STAGE 2: Development of Data-Driven (Artificial Neural Network) Salinity Model

Group Size: 1

1. Background

Please refer to the separate “Overview” document for the entire project.

2. Introduction

The stretch of the Williams River under consideration is subject to large inflows of saline groundwater at the start of  Reach 12 (Figure 1).  The resulting increased levels of salinity at the point where water is extracted for Williamsburg and the irrigation district adjacent to Williamsburg at the end of Reach 12 are the cause of economic losses for domestic, industrial and agricultural water users.

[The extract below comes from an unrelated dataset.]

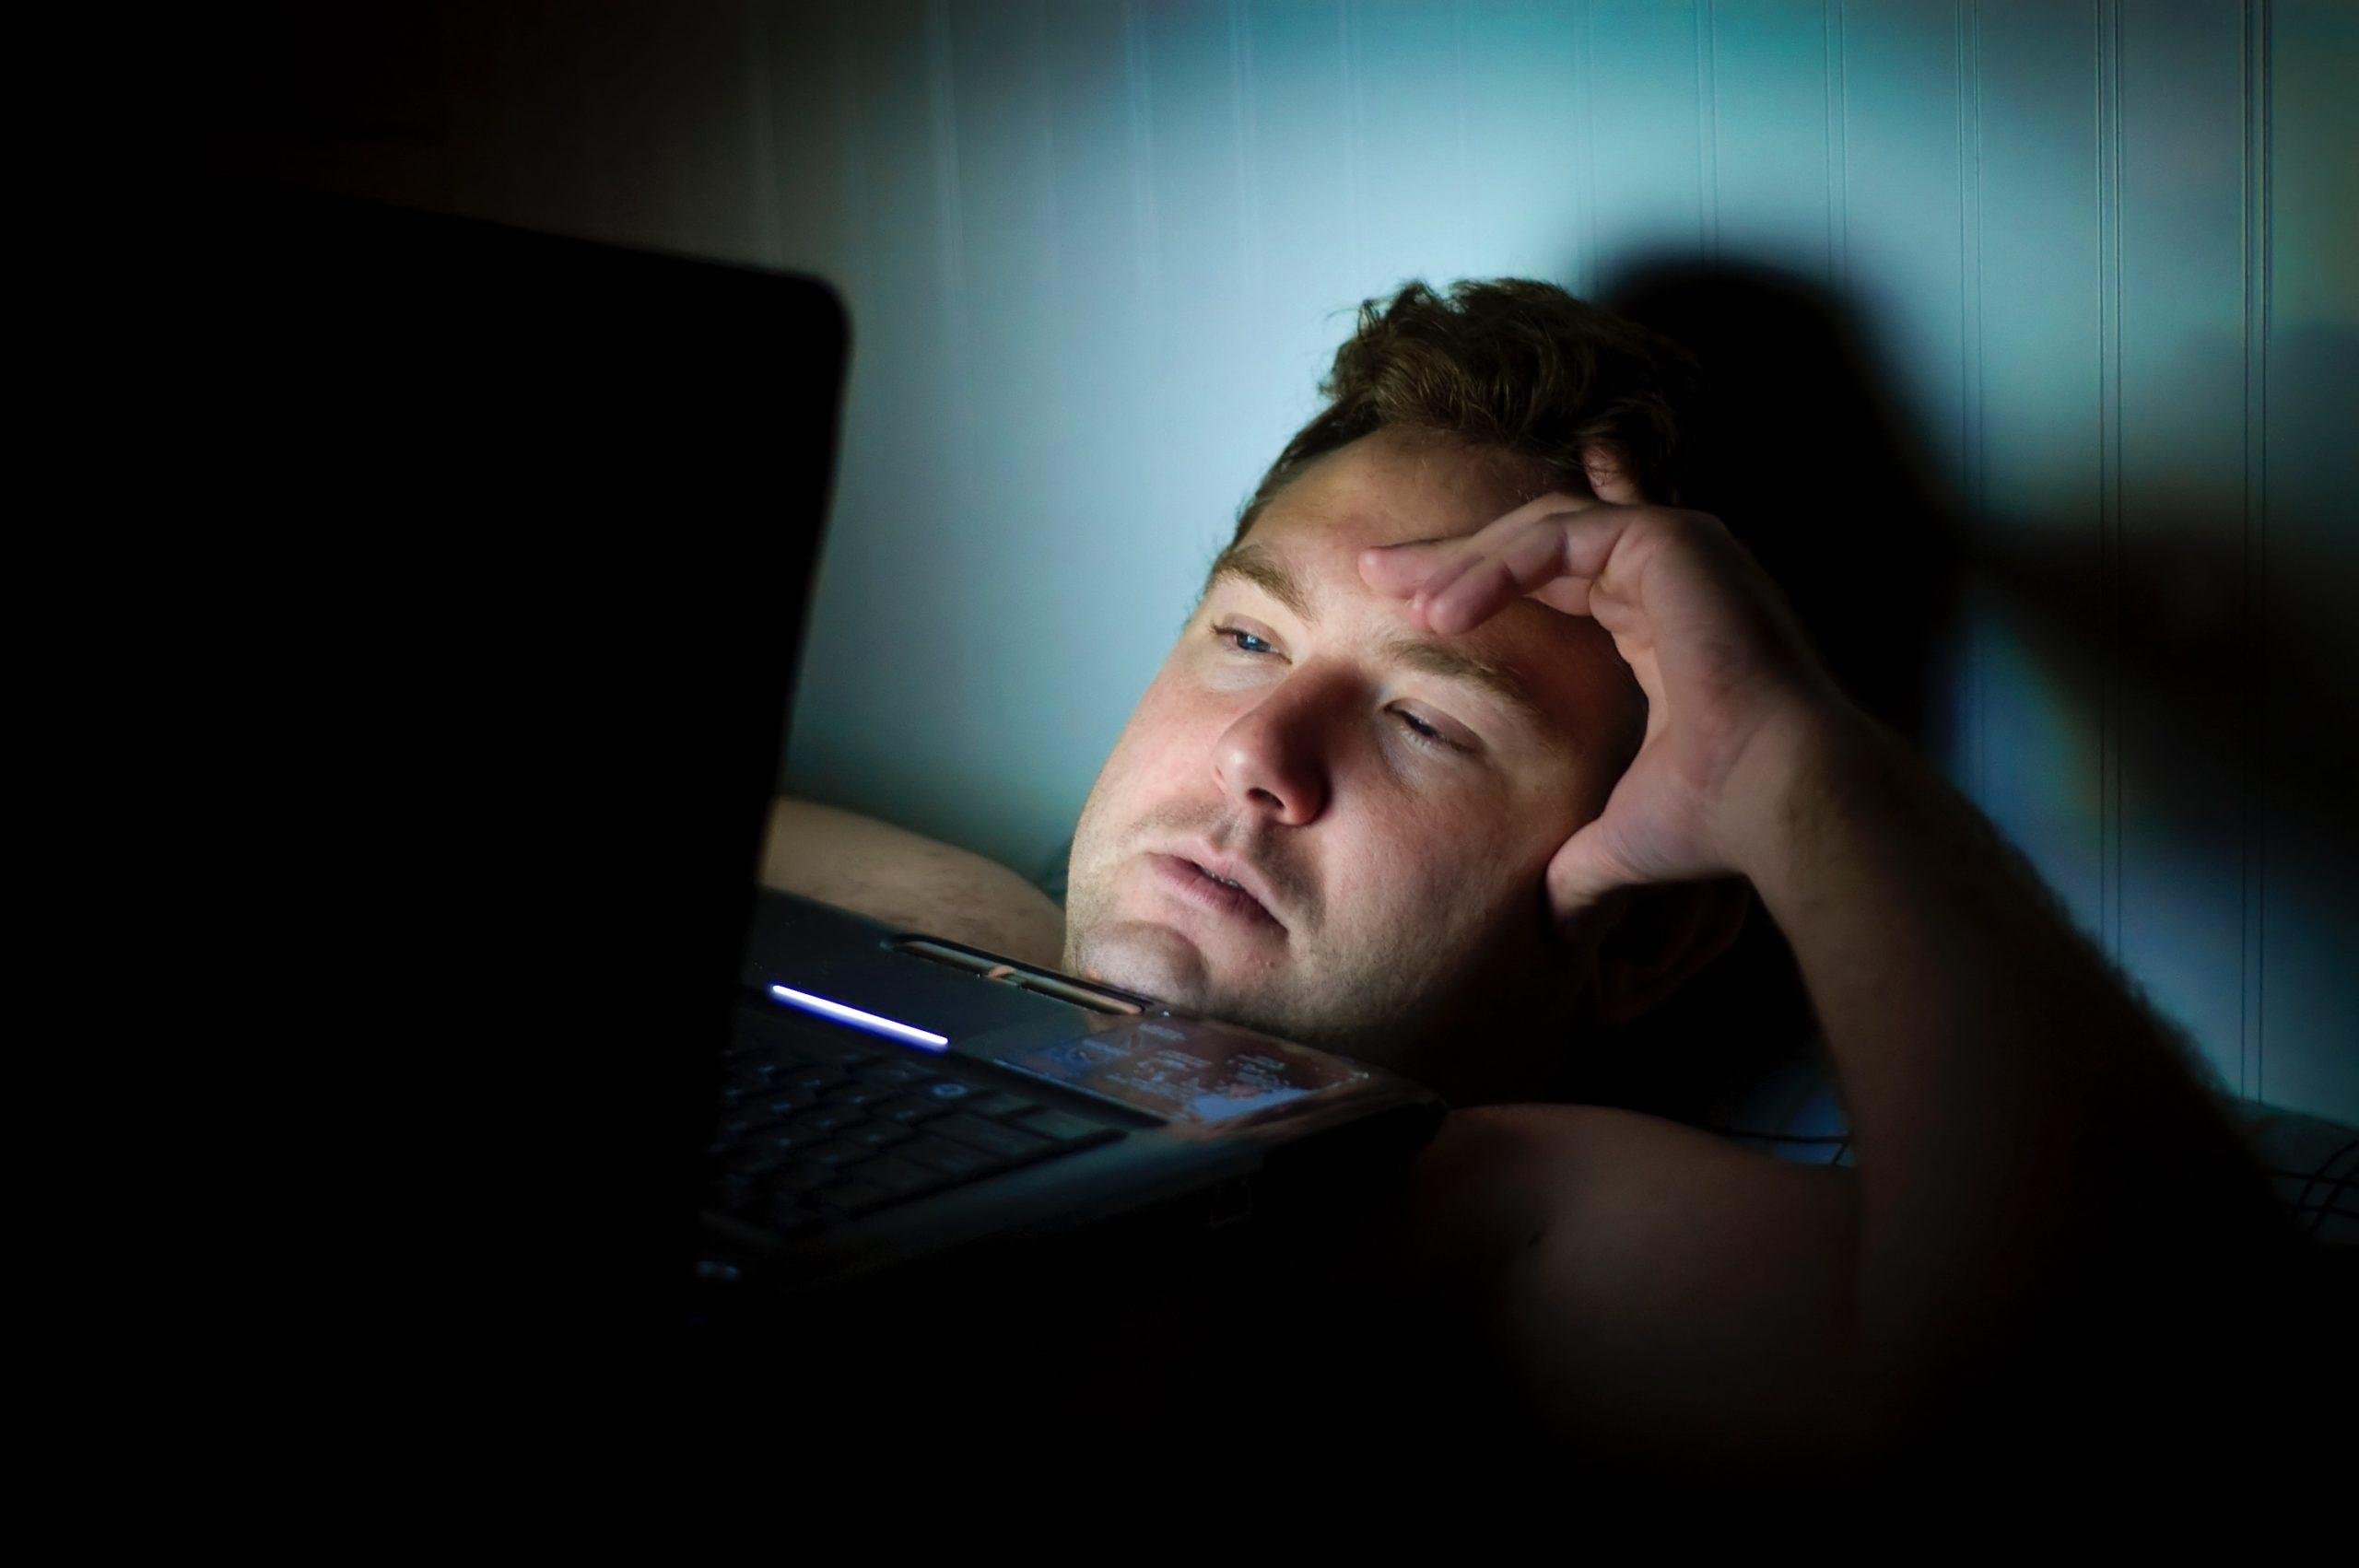 パソコンをみる男

Your task is to develop an artificial neural network (ANN) model that enables the impact of different levels of the saline groundwater inflows on salinity levels at the point where water is extracted for Williamsburg and the surrounding irrigation district to be simulated.  This will require an appropriate model structure (i.e. number of hidden nodes) and the unknown model parameters (i.e. ANN connection weights) to be determined. In addition, the calibrated model needs to be validated to ensure it can be used with confidence in practice.

 

Figure 1: Schematic plan view of stretch of Williams River of interest

3. Design Information

3.1 ANN Model Development

The ANN model architecture to be used is a multi-layer perceptron (MLP). Previous studies have found that the   following variables have the strongest relationship with salinity at the end of Reach 12, which should therefore be used as inputs to the MLPANN model:

•    Salinity at the beginning of Reach 12 (just downstream of the saline groundwater inflows)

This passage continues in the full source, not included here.